Where is all this hate coming from, she thought? In Park Slope,
everybody talks about his or her children. Incessantly. You can’t have
face time with anyone without the conversation veering into stories
about college applications, SAT scores, dirty bedrooms.
Practically every conversation begins, “You won’t believe what my kid did this week…”
Kidtalk is the language of the Slope. What conversation doesn’t include some variation on these themes:
• How’s your kid?
• How does your kid like school?
• How are his teachers?
• What extra-curricular activities is she doing?
• Who are his or her friends?
How would people feel if there was a gag order on all kidtalk? What
if there was a huge flashing sign on every corner: “No Kidtalk Allowed”?
Why, there would be silence from Flatbush Avenue to Green-Wood
Cemetery — and it’s already pretty quiet over at the cemetery. For
instance:
• Park Slope Parents would be blank. Parents would have to go back
to reading “Brown Bear, Brown Bear” and crawling on the floor in
imaginary play rather than itemizing their every child-rearing dilemma.
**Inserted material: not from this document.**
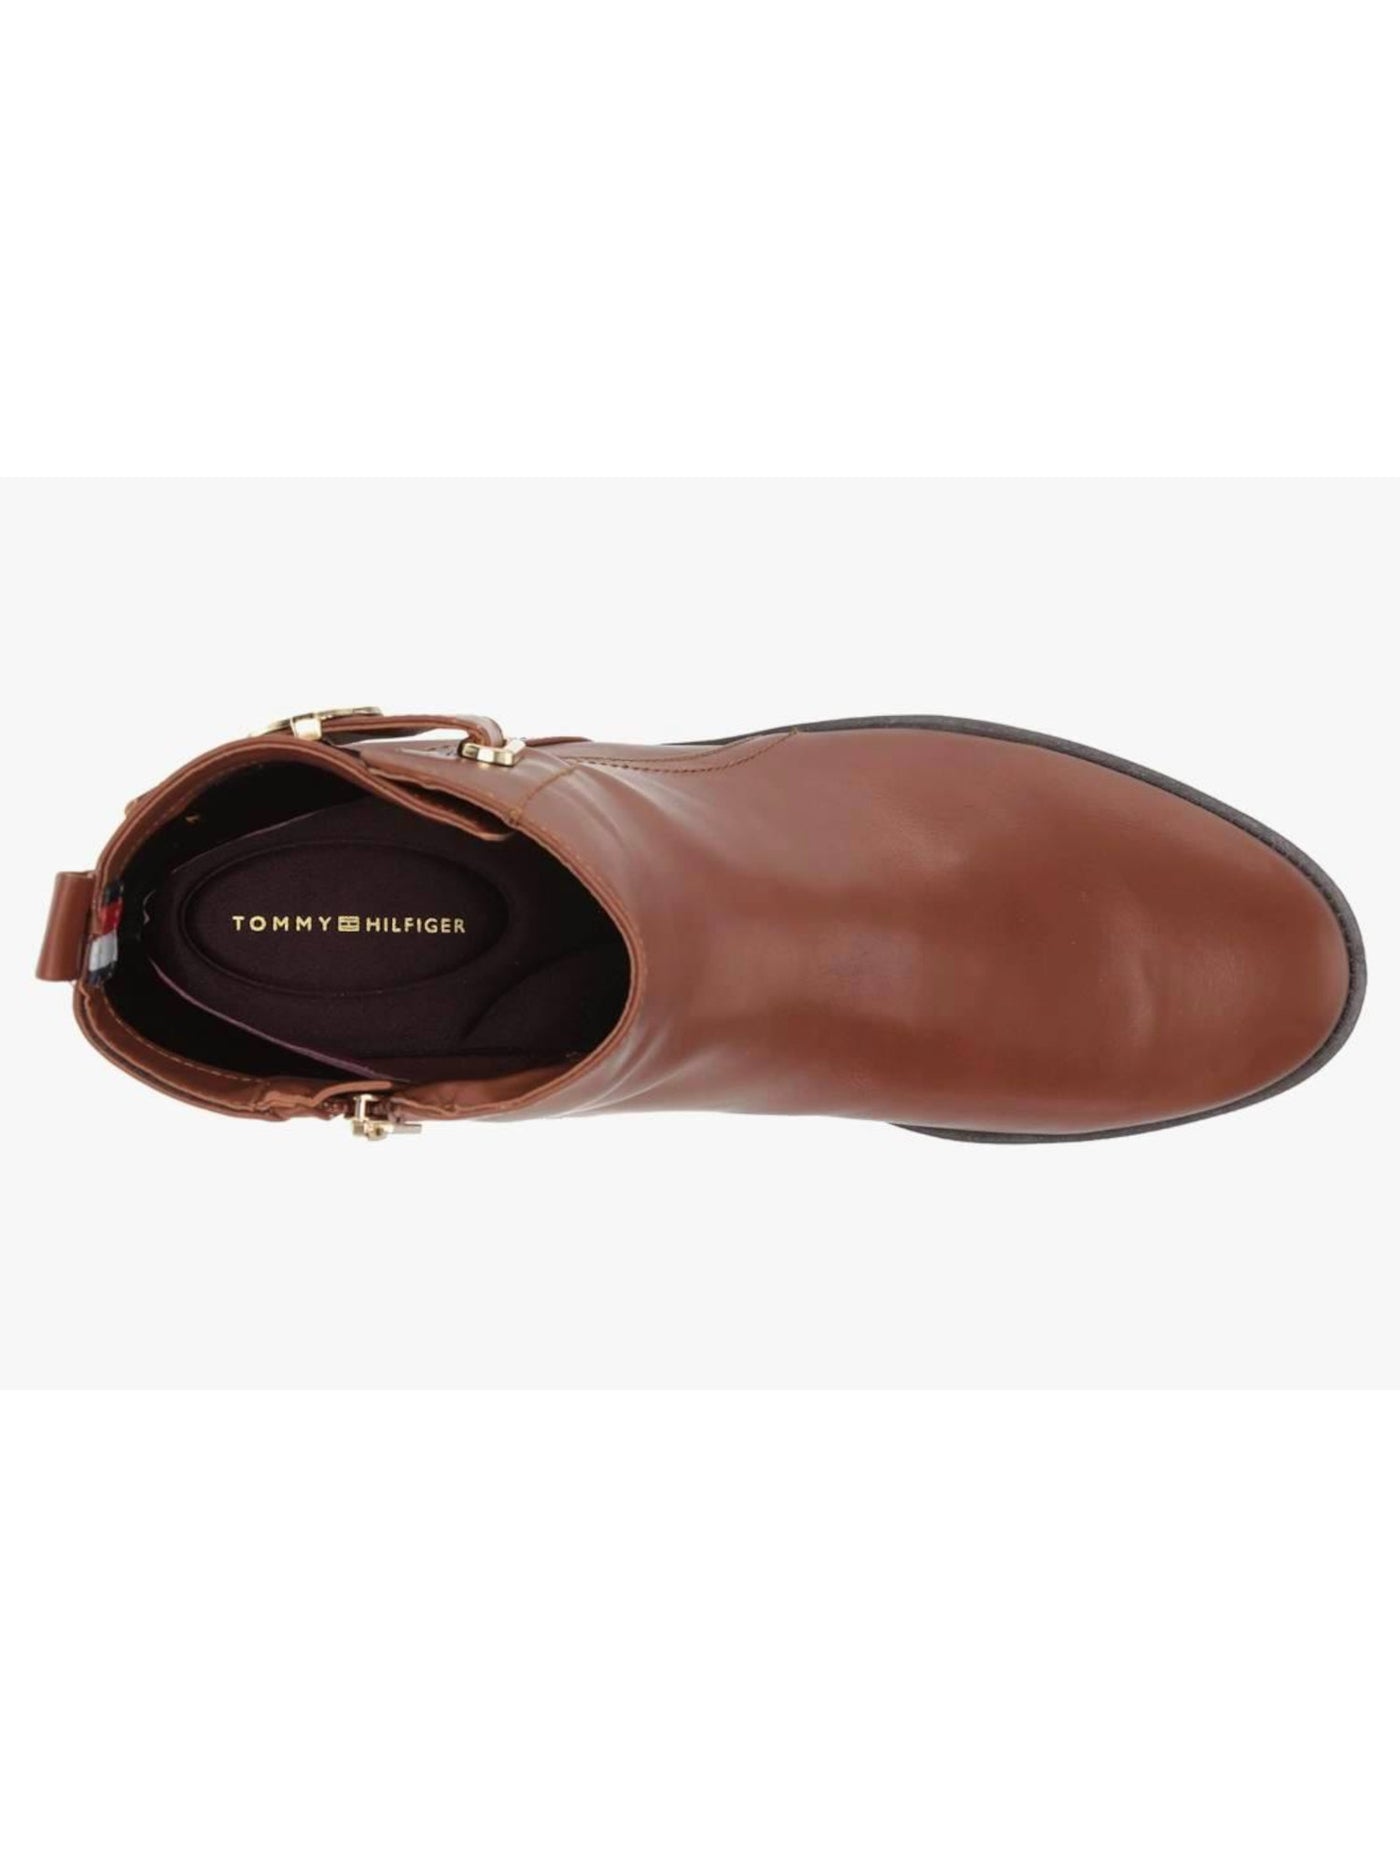 TOMMY HILFIGER Womens Brown Gold-Tone Hardware Buckle Accent Logo Comfort Rezin Round Toe Block Heel Zip-Up Booties 9.5 M

• Couples wouldn’t have anything to talk about on their date nights at local restaurants.
• Friends would sit in stony silence over coffee at Sweet Melissa.
• Book groups would actually have to discuss “Great Expectations” or
“Bolano’s 2666,” rathwe the latest kid
travails.
• Parents on the sidelines of soccer games would actually have to cheer for the kids rather than chit chat about children.
You get the idea. You might as well put a muzzle on every parent around if kidtalk is verboten.
OK, OK. Writing a column, a book, or a magazine article about one’s
kid is different from talking about them to friends, acquaintances,
teachers, psychologists, learning specialists, doctors, lawyers or
anyone else you come into contact with.
Even when she’s not writing, Smartmom knows she spills the beans
about her kids to friends and neighbors. And they spill their kid
beans, too. And those conversations are impromptu and probably
instantly forgotten.
When she writes it for her column or her blog, it does lose the
patina of privacy as it makes its way out into the world. But she also
has more time to think about it and craft her sentences. She gets to go
into a little more detail maybe. She even gets to think aloud and share
what she’s learned and what she still needs to know.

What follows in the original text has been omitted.